The merger deal between Fifth Third Corp. and CNB Bancshares has once again focused attention on prospects for consolidation in the heartland.

"The area is still pretty fragmented," said Lana Chan, a banking analyst at CIBC Oppenheimer in New York. "I would not be surprised to see more action spark."

She and other analysts said National City Corp. and KeyCorp, both of Cleveland, Huntington Bancshares in Columbus, Ohio, and other larger companies may want to increase their presence by buying community banks.

Memphis-based Union Planters Corp., which picked up some branches in the area through divestitures by Bank One Corp., could be mulling expanding its presence further, Ms. Chan said.

Joseph C. Duwan, of Keefe, Bruyette & Woods Inc. in New York, said the price of the Fifth Third-CNB deal will attract attention.

Fifth Third agreed to pay a 40% premium over where shares of CNB were trading on Tuesday, a premium that "may be too hard to ignore by the community banks," Mr. Duwan said.

"It's got to make banks in that area wonder if they want to partner up," said Joseph A. Stieven, a banking analyst at Stifel Nicolaus in St. Louis. And some companies may try to get deals done before pooling of interest accounting is barred next year, he added.

With the alternative method, purchase accounting, the acquirer must deduct the price paid above book value from future earnings. "A real window is closing," Mr. Stieven said.

Though he said there are "fewer and fewer buyers out there," Mr. Stieven said smaller banking companies - such as Lakeland Financial Corp. of Warsaw, Ind.; Old National Bancorp in Chicago; and First Source Bancorp in South Bend, Ind. - may be prompted to jump into the merger game.

"The key is if you've got a good operating strategy that's fine," Mr. Stieven said. "If not, maybe you had better begin looking for a partner."

Daniel Cardenas, a banking analyst at Howe Barnes Investments in Chicago, said he "wouldn't be surprised" to see more mergers, but he noted that the region is "your typical community banking environment."

"It's very hands-on, high-touch, small branches where everyone knows you name," he said, arguing that a larger banking company coming into the area must be prepared to maintain a feeling of local control rather than force its own ways.

In other action, Silicon Valley Banchares was unchanged at $22.125, after a $2 gain on Tuesday on comments by Joe Morford, a banking analyst at First Security Van Kasper.

Silicon Valley ran into difficulties with its loan portfolio this year and has been taking steps to bring it around.

Because of growing confidence in a turnaround of asset quality at Silicon Valley Bancshares, Mr.
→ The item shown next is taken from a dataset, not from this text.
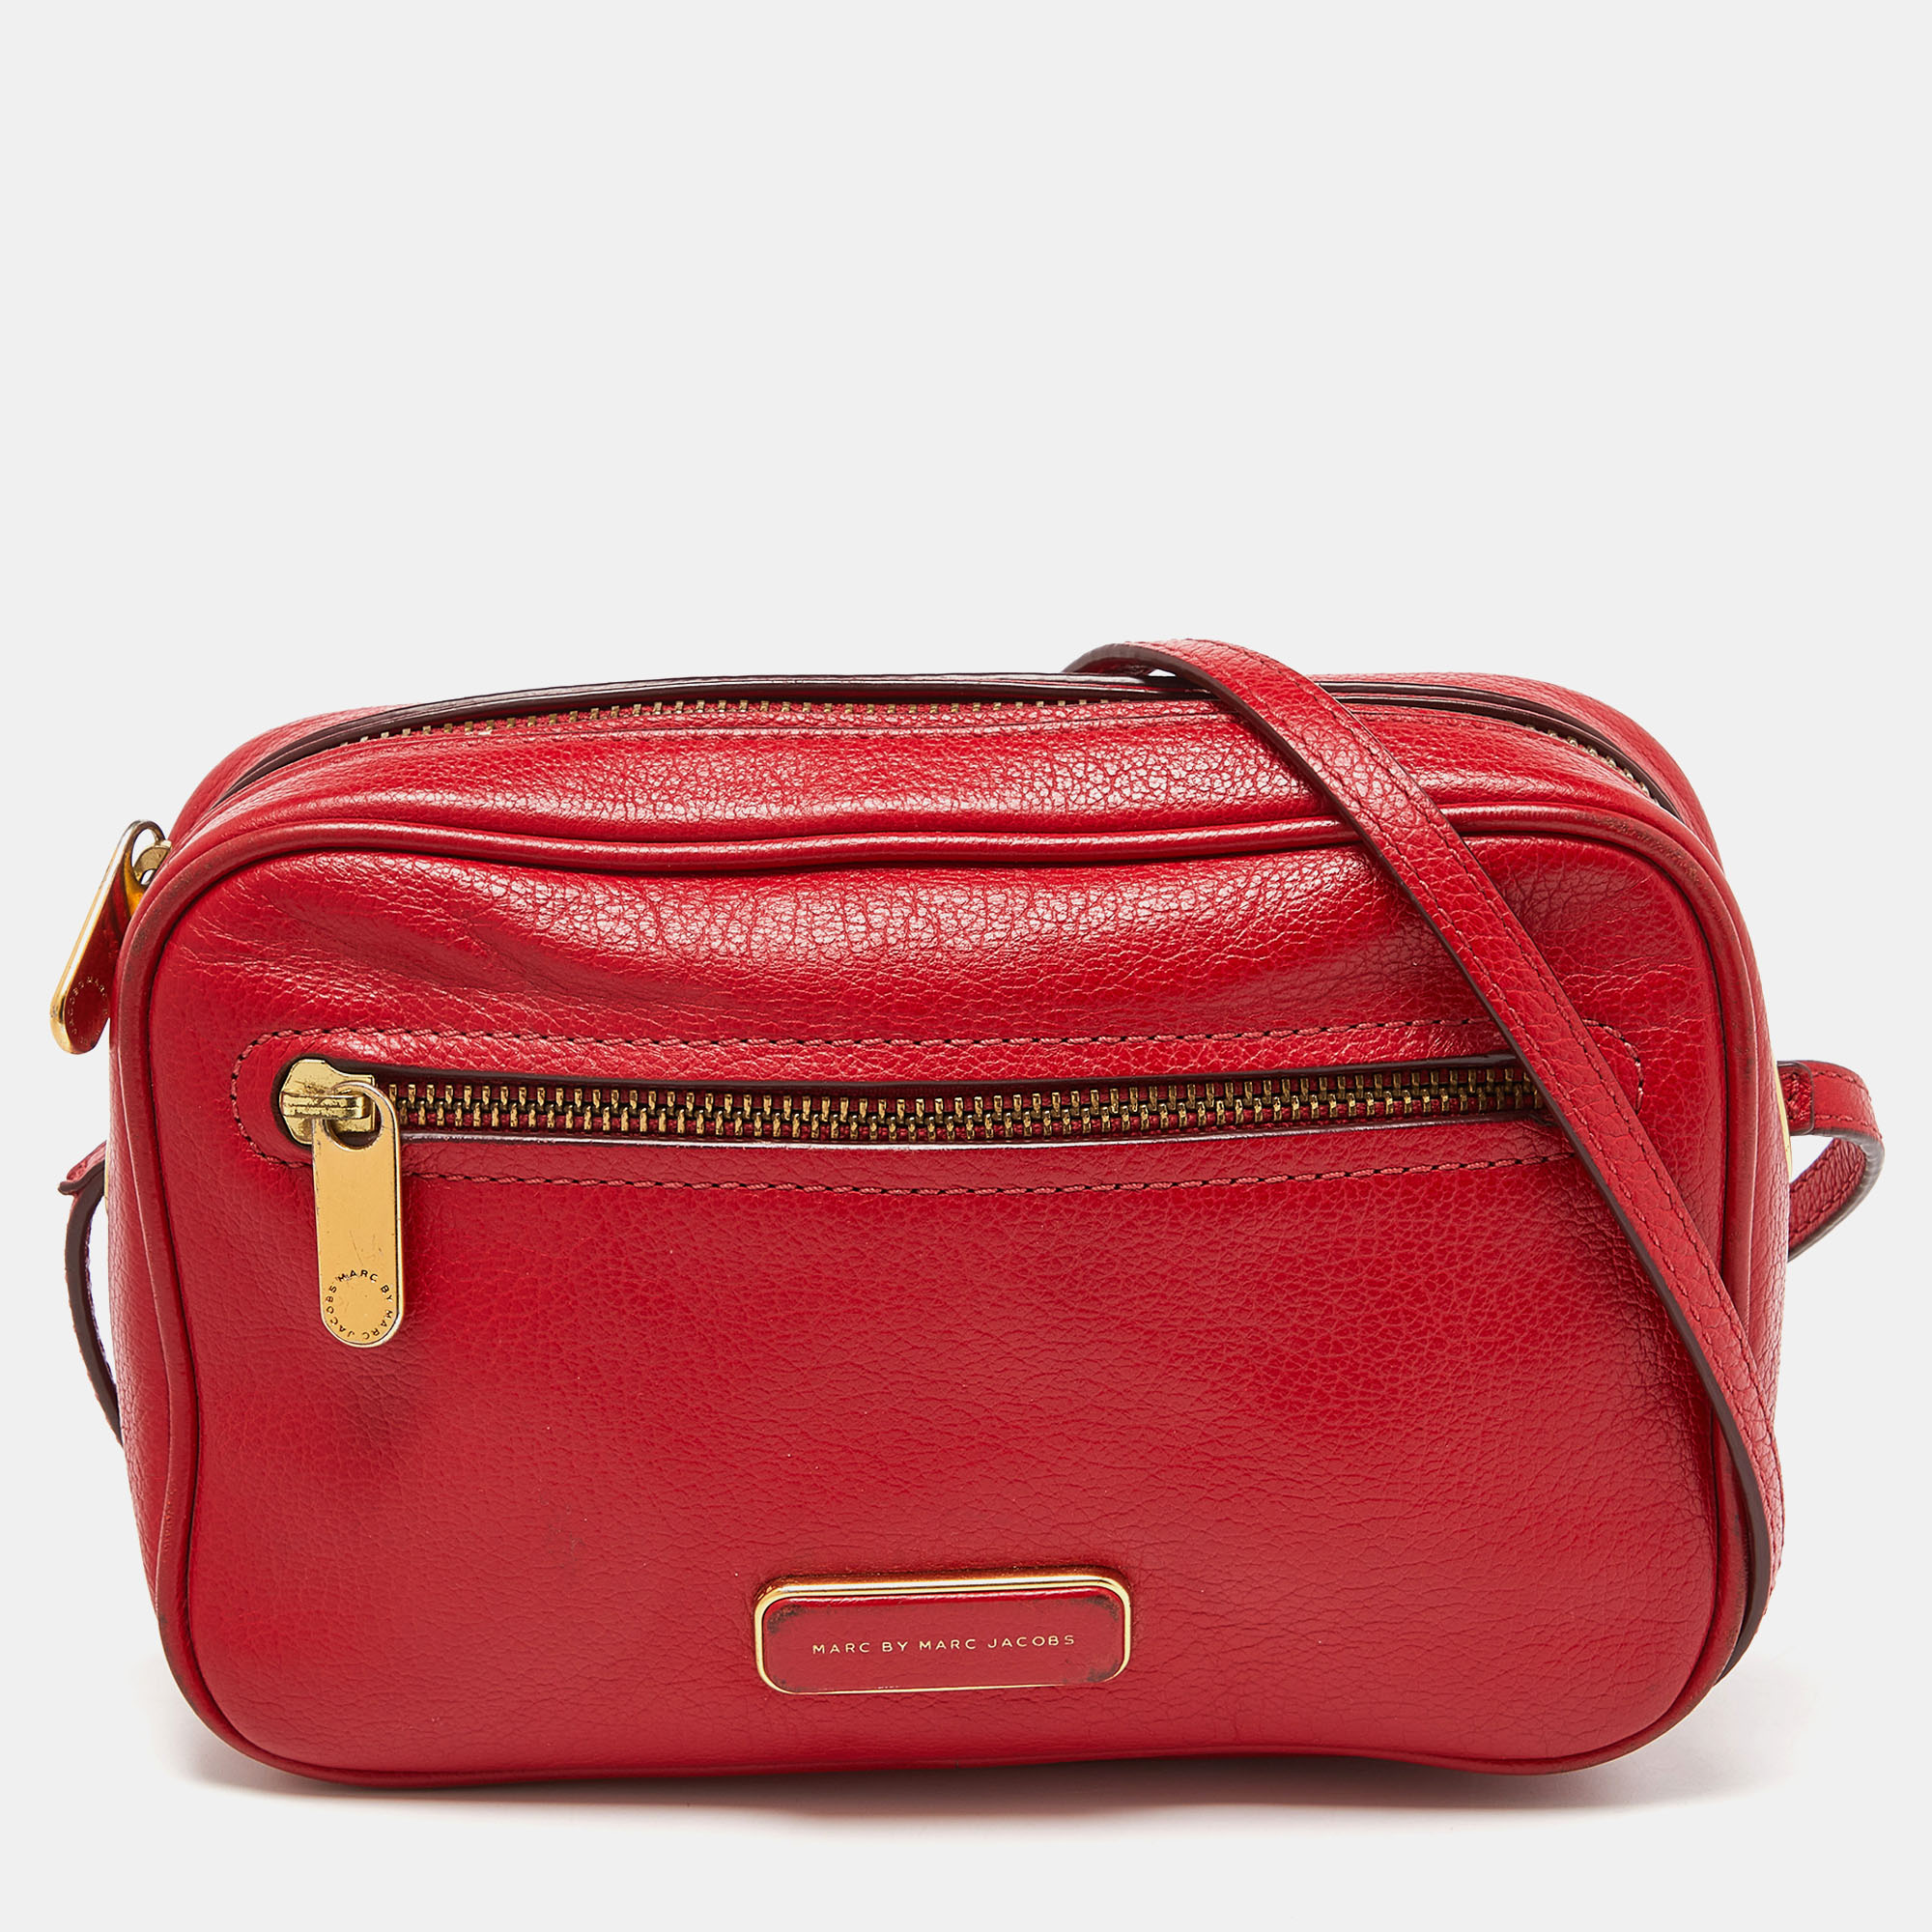 

Marc by Marc Jacobs Red Leather Crossbody Bag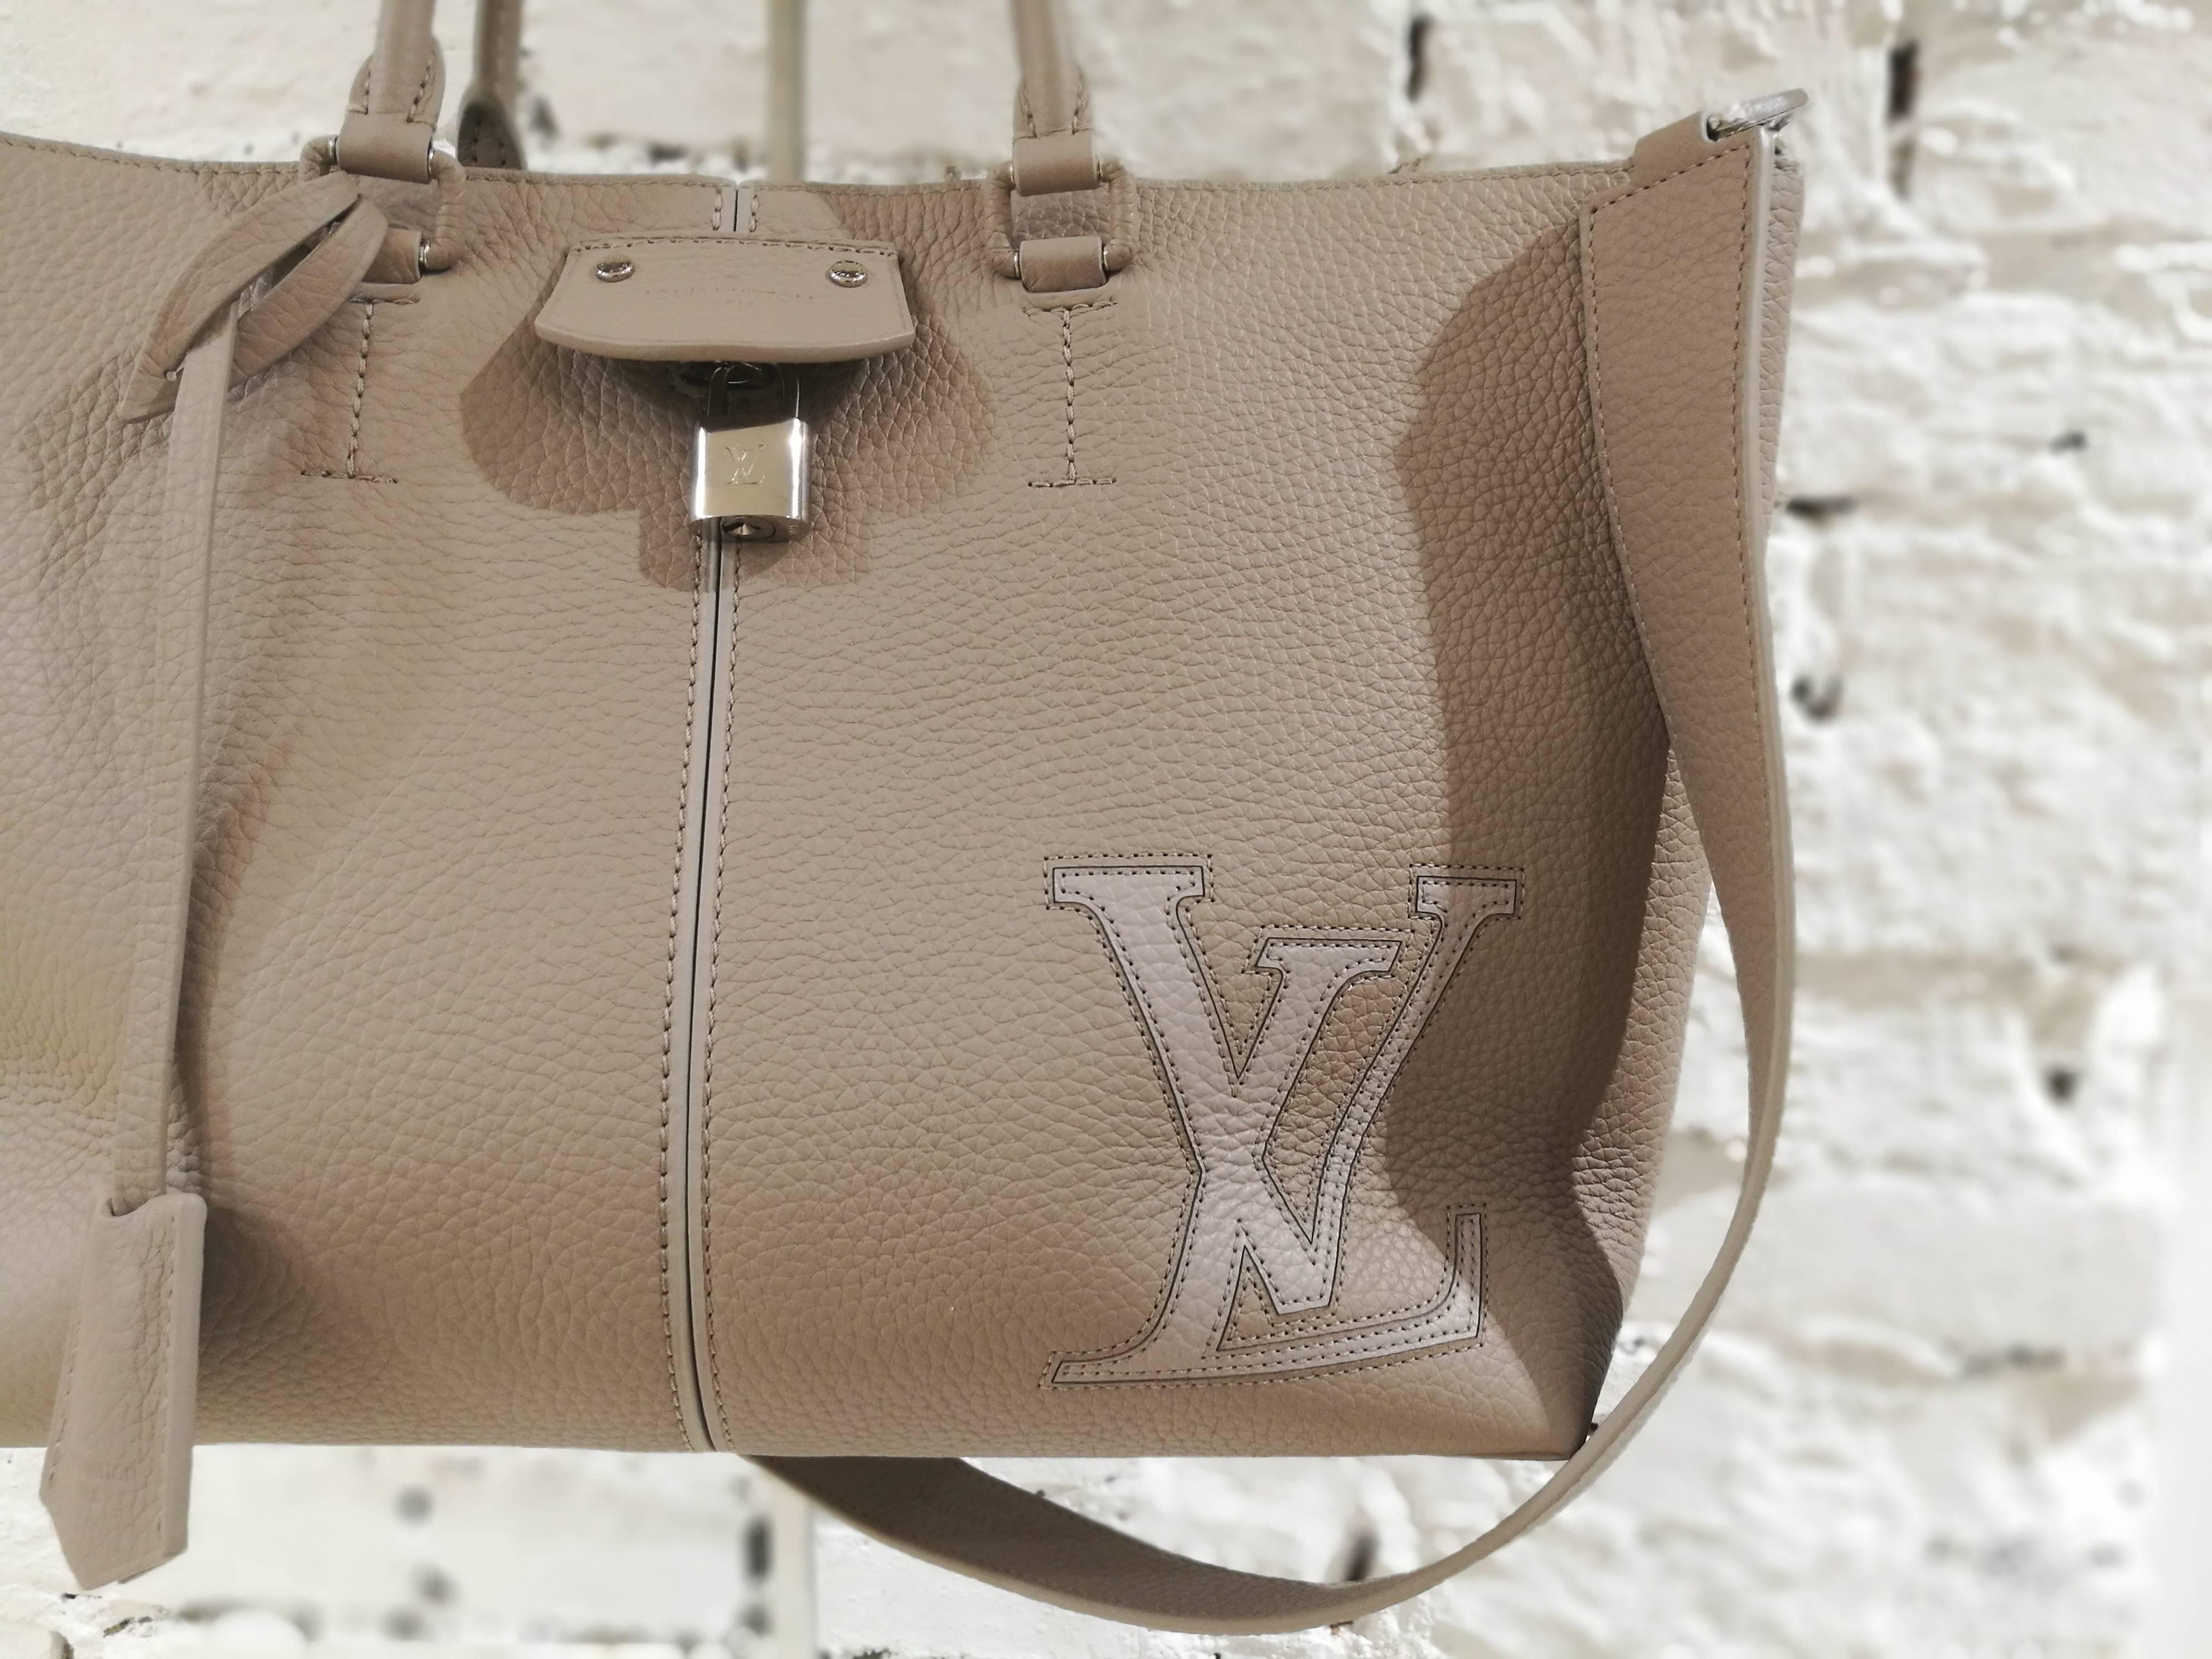 An elegant, feminine tote with soft, rounded lines and generous capacity, the new Pernelle is made of rich Taurillon leather. Its refined craftsmanship is enhanced with luxurious details: note the LV signature, inspired by images from the House

Morford set a $25 price target for shares over the next 12 months.

After a recent meeting with Silicon Valley management, Mr. Morford said he was "increasingly optimistic" that second-quarter results would show a stabilization of credit quality trends and probably some improvement in nonperforming asset levels.

He added that changes in the banking company's underwriting practices "encourage us to believe that the company is again headed in the right direction."